Elliptic curves of conductor $2^m p$, quadratic twists, and Watkins' conjecture

TL;DR

This paper investigates Watkins' conjecture relating the rank of elliptic curves to their modular degree, providing new cases where the conjecture holds, especially for curves with specific reduction properties and rational points of order two.

Contribution

The paper establishes new instances of Watkins' conjecture for elliptic curves with particular reduction types and torsion points, expanding the known cases where the conjecture is verified.

Findings

Watkins' conjecture holds for elliptic curves with additive reduction at 2.

The conjecture is verified for curves with good reduction outside at most two odd primes.
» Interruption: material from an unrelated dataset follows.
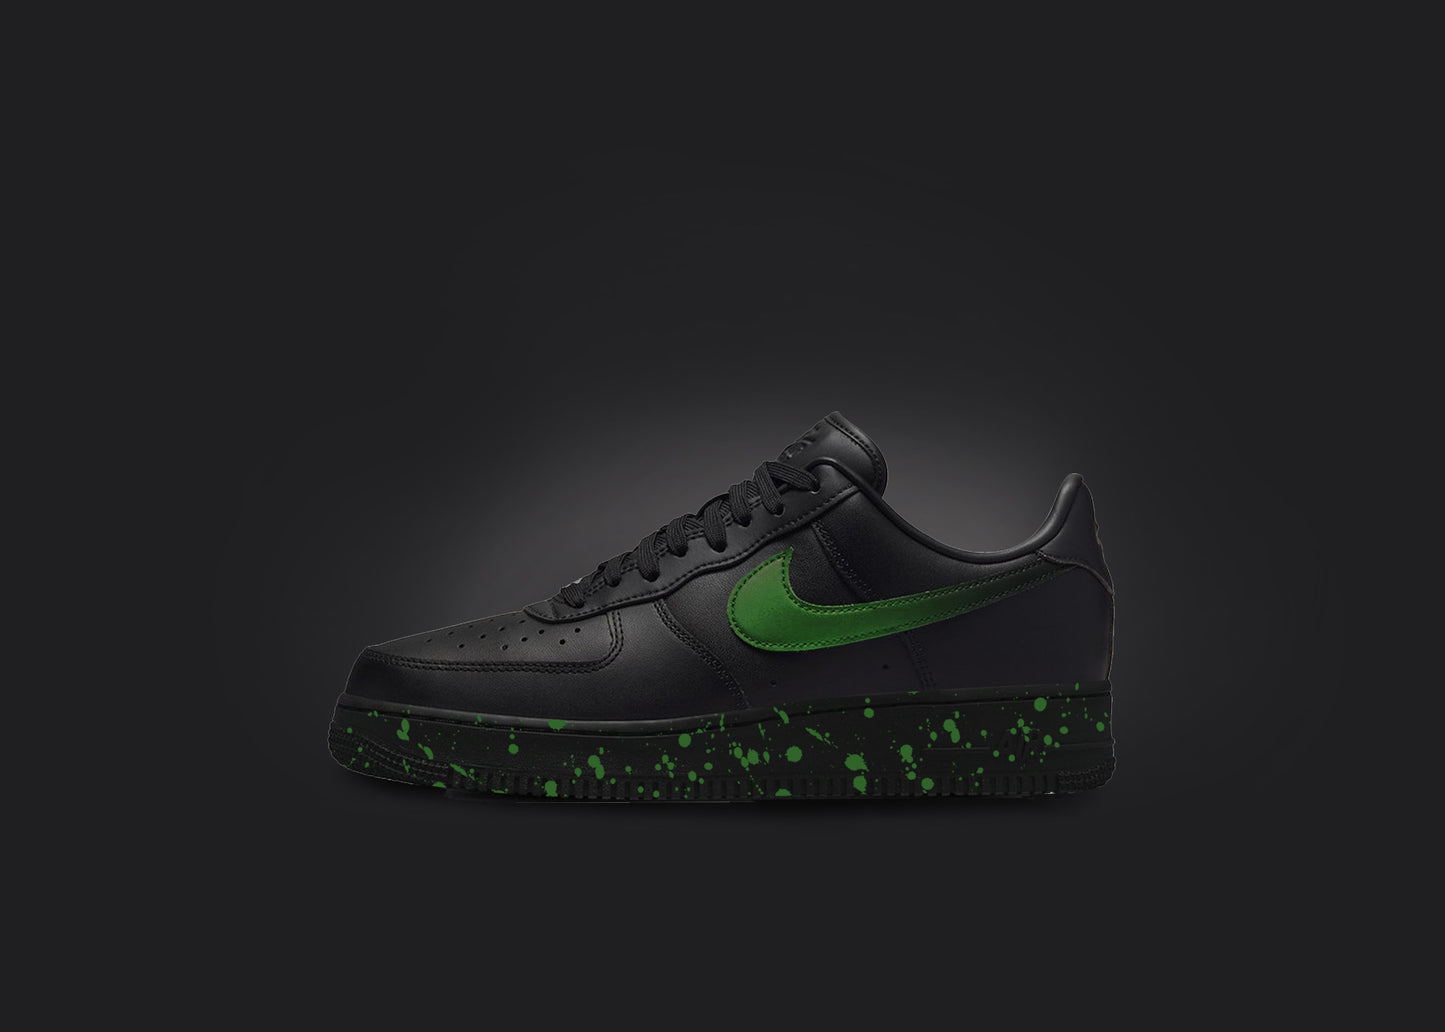 The image is featuring a custom black Air force 1 sneaker on a blank black background. The black nike sneaker has a green paint splatter design on the sole and a green fade on the nike logo.

Elliptic curves with a rational point of order two satisfy Watkins' conjecture.

Abstract

Let $\mathsf{E}/\mathbb{Q}$ be an elliptic curve. By the modularity theorem, it admits a surjection from a modular curve $X_0(N) \to \mathsf{E}$, and the minimal degree among such maps is called the modular degree of $\mathsf{E}$. By the Mordell--Weil Theorem, $\mathsf{E}(\mathbb{Q})\simeq \mathbb{Z}^r \oplus T$ for some nonnegative integer $r$ and some finite group $T$. Watkins' Conjecture predicts that $2^r$ divides the modular degree, thus suggesting an intriguing link between these geometrically- and algebraically-defined invariants. We offer some new cases of Watkins' Conjecture, specifically for elliptic curves with additive reduction at $2$, good reduction outside of at most two odd primes, and a rational point of order two.